Required action | Don't include any picture when you restate the data word for word.

Given data |
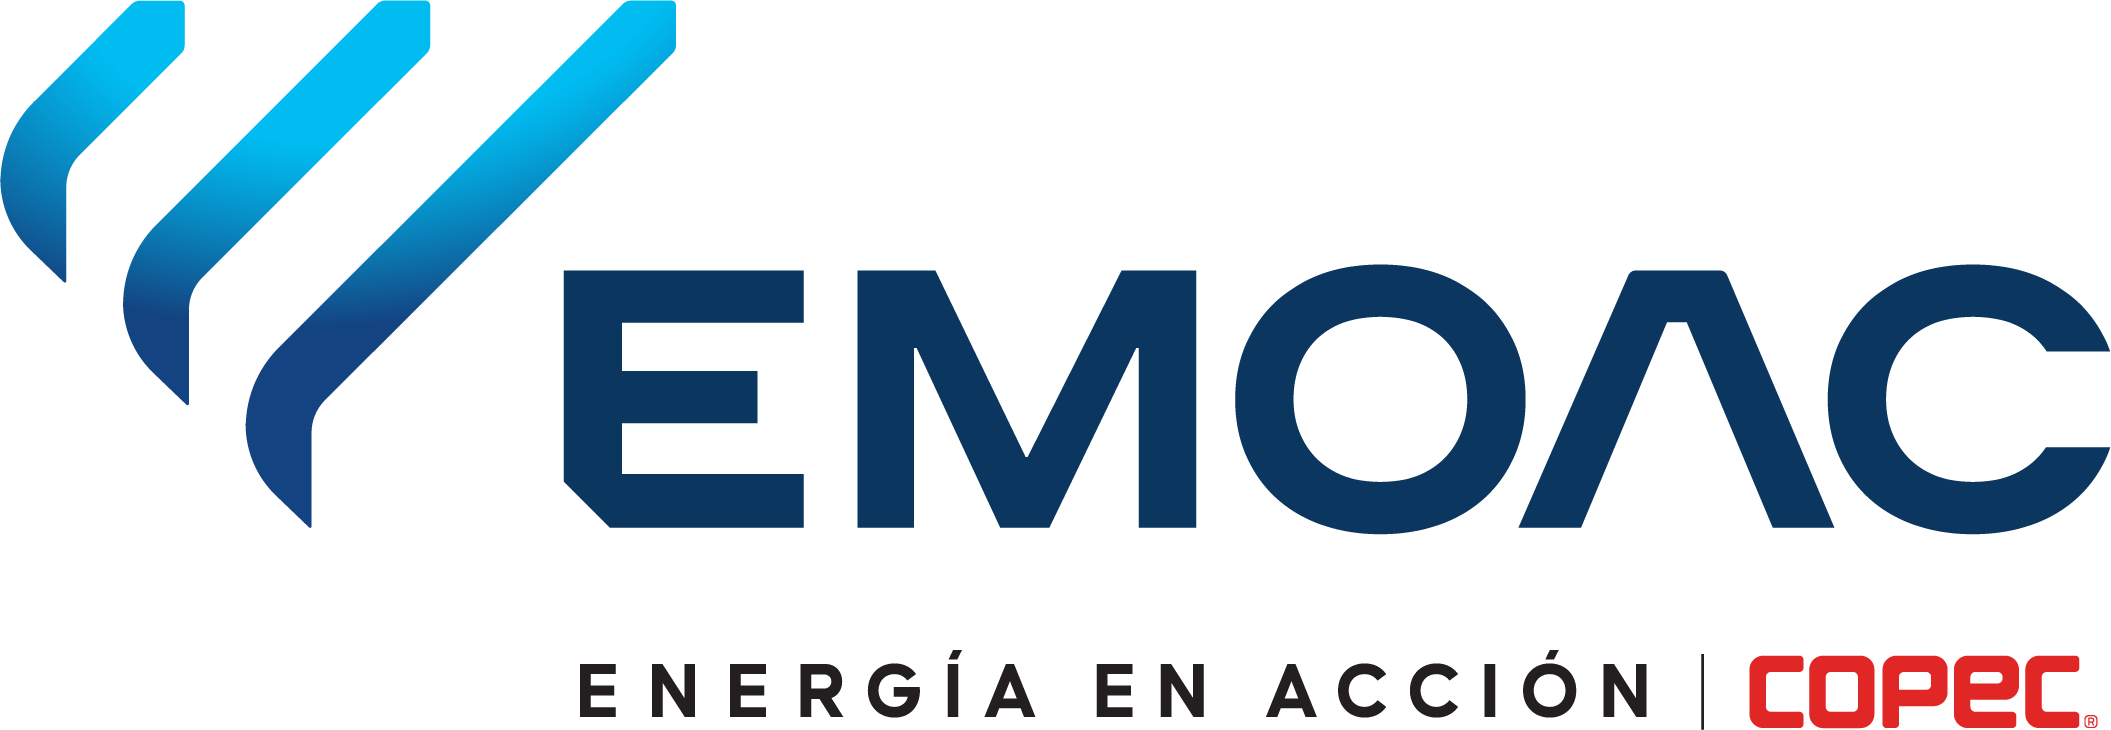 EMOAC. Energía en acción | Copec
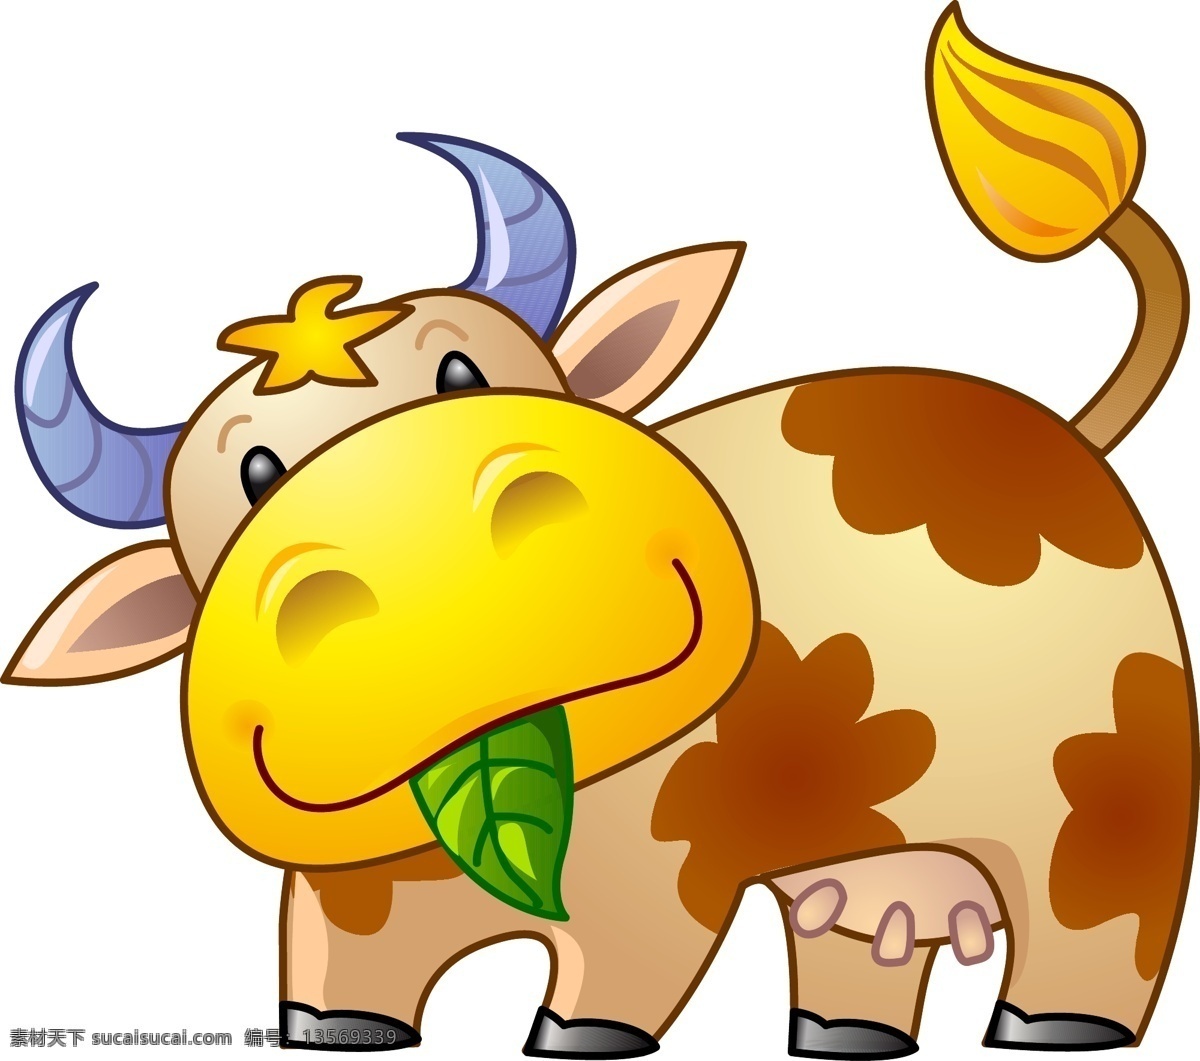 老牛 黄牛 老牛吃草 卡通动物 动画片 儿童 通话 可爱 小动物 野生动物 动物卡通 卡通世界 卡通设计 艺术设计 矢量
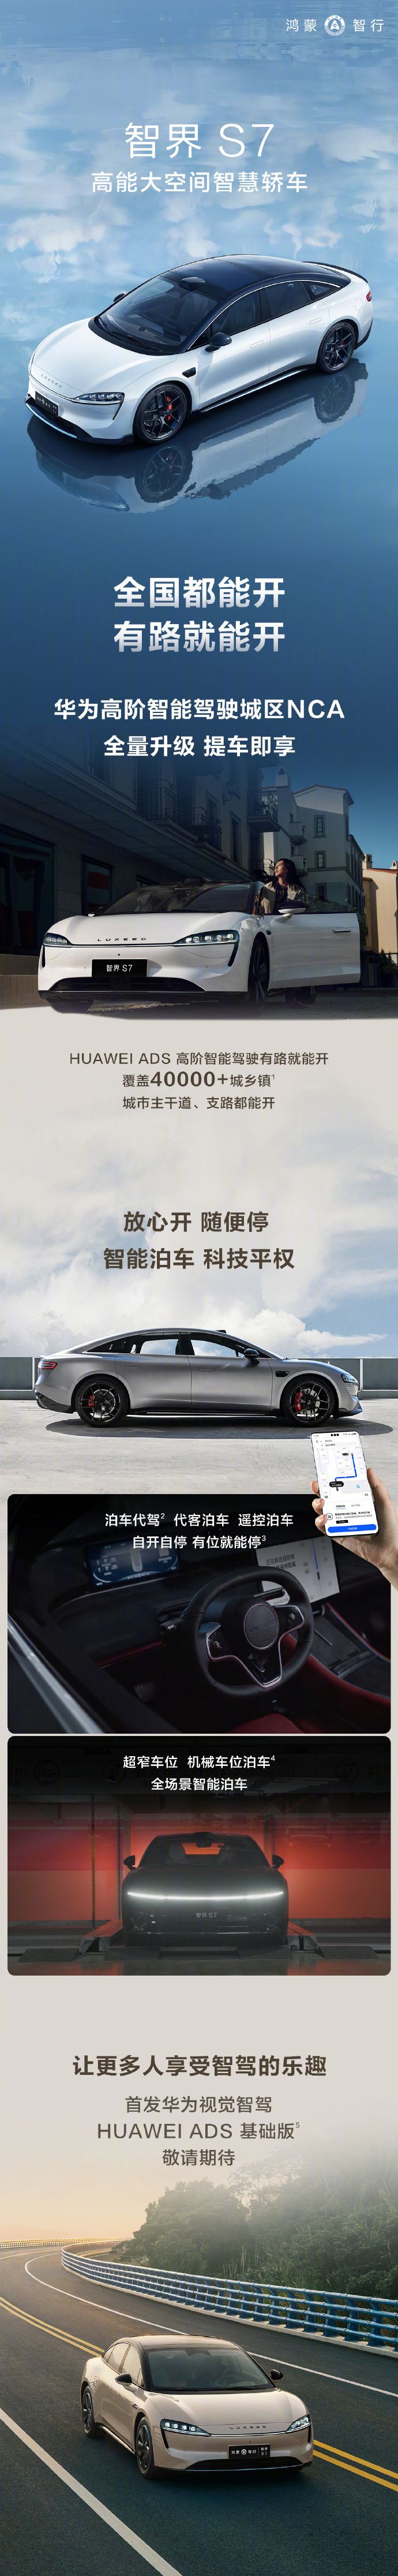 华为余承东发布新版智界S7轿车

Written response |
 EMOAC. Energía en acción | Copec
 老牛 黄牛 老牛吃草 卡通动物 动画片 儿童 通话 可爱 小动物 野生动物 动物卡通 卡通世界 卡通设计 艺术设计 矢量
 华为余承东发布新版智界S7轿车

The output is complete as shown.